Closed DavidPoliakoff closed 5 years ago

DavidPoliakoff commented 5 years ago

Right now cali::Annotation will set an int, double, const char*, or Variant. Are there plans to expand this group? I worry about casting (for example) uint64_t's to doubles all over the place.

daboehme commented 5 years ago

This could be easily added in a PR :)

DavidPoliakoff commented 5 years ago

Any concern over doing this with, say, a lot of types?

mrzv commented 5 years ago

I started filing a separate issue, but GitHub helpfully pointed me here. I would cast another vote for having more overloads of Annotation::set(). It would be nice to at least include everything in Variant, but ideally you'd expand it even further. I wanted to record the size of a vector and the code to do that looks like:

    std::vector<int> v;
    cali::Annotation::Guard g( cali::Annotation("x").set(cali::Variant(static_cast<uint64_t>(v.size()))) );

plus including caliper/common/Variant.h. I feel

    cali::Annotation::Guard g( cali::Annotation("x").set(v.size())) );

would be more readable.

DavidPoliakoff commented 5 years ago

Yeah, is this still true? That Annotation.h must be C++98 compatible? I'd like to do something to make it accept anything from which a Variant can be constructed and just enhance Variant, but that requires 11. If we don't, then any time we want to add Variant overloads, we need to add overloads for everything which uses Variants under the hood, which is code duplication

daboehme commented 5 years ago

Hm - could we #ifdef that?

DavidPoliakoff commented 5 years ago

We certainly could, but we'd have people seeing their mysteriously stop compiling with Caliper when they forget to set -std=c++11 or use a compiler which doesn't support it

mrzv commented 5 years ago

Is it not possible to template<class T> set(const T& x) { return set(Variant(x)); }

and then specialize this for T = const char*? That's still C++98.

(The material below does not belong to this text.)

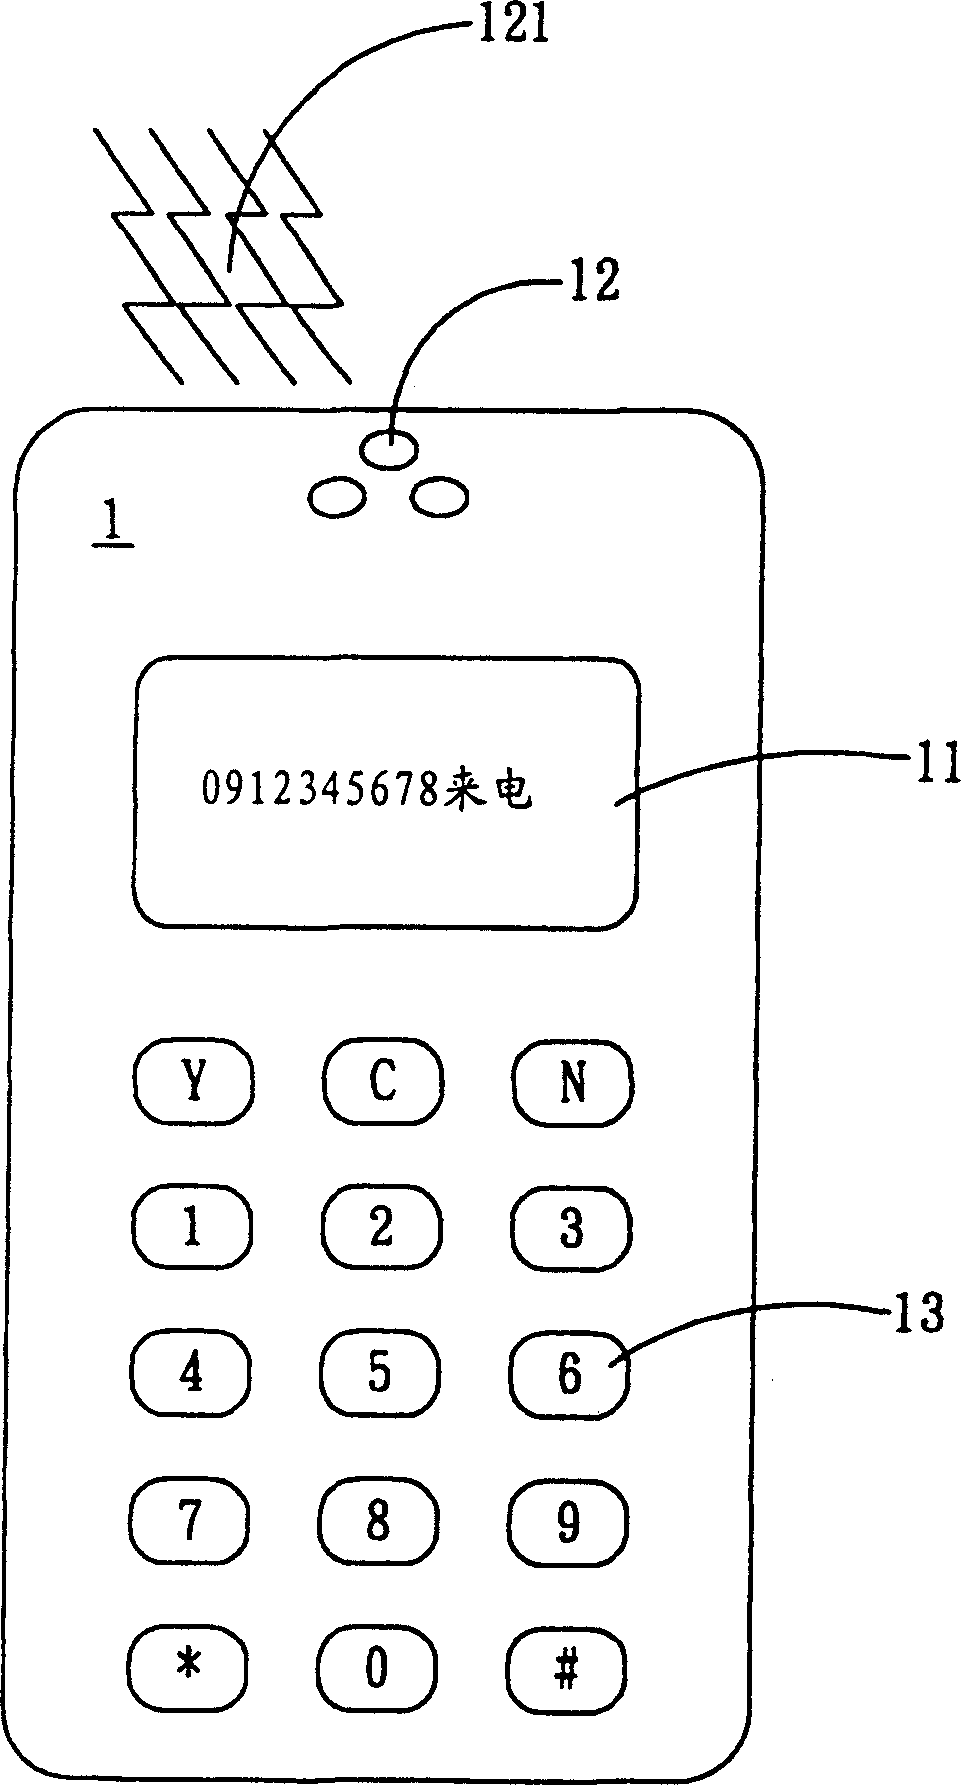 Guide vocie personal mobile communication device and processing method thereof

DavidPoliakoff commented 5 years ago

You can do that as somewhere in between. Essentially anything which can be constructed from a single argument as a Variant just uses the base templates, with specializations for multi-arg. With 11 that can become a variadic, and then all we're doing is forwarding to Variant. If we can, it would be nice to just use the forwarding

mrzv commented 5 years ago

I guess you could have both with #ifdef: old boring path for C++98, new shiny forwarding for C++11.

While I'm here, it would be nice to include size_t in the variant. It's such a basic staple in C++ that having an extra static_cast<uint64_t> is tedious.

DavidPoliakoff commented 5 years ago

Okay, that seems reasonable, if we ever get a "three weeks ago my code compiled with Caliper, now I have some ugly template error" we should just remember this conversation.

@daboehme : do we still want the old interface accepting the regular types? If not, that would be great news

daboehme commented 5 years ago

Well the #ifdef is precisely there to avoid the "suddenly doesn't compile anymore" problem.

As for the old interface: The annotation class has special sauce for int (allowing you to assign ints to double or uint attributes) that should stick around, otherwise we can defer to the template version.

DavidPoliakoff commented 5 years ago

@daboehme : cool. The ifdef protects us from things not suddenly compiling with the current interface. My worry is that we add more special sauce in Variant, forget it in Annotation, and the template solution covers us with C++11 but not pre-11. That said, you're a much more careful developer than I am, perhaps that won't come to pass.

jrmadsen commented 5 years ago

Just a thought here, maybe just put this in the header

#if  __cplusplus <= 199711L
#    if !defined(CALIPER_WARN_CPP98)
#        warning "Caliper has deprecated pre-C++11 support because it is 2019 and C++11 is the default for many newer compilers (e.g. GCC 8)"
#    endif
#endif 

... although maybe slightly less snarky :)

Then you can set up something like this through ~here

DavidPoliakoff commented 5 years ago

@jrmadsen : we'd want to avoid deprecating that support. We've got customers who strongly want such support so we wouldn't actually deprecate it, and the warning spew wouldn't win us any friends.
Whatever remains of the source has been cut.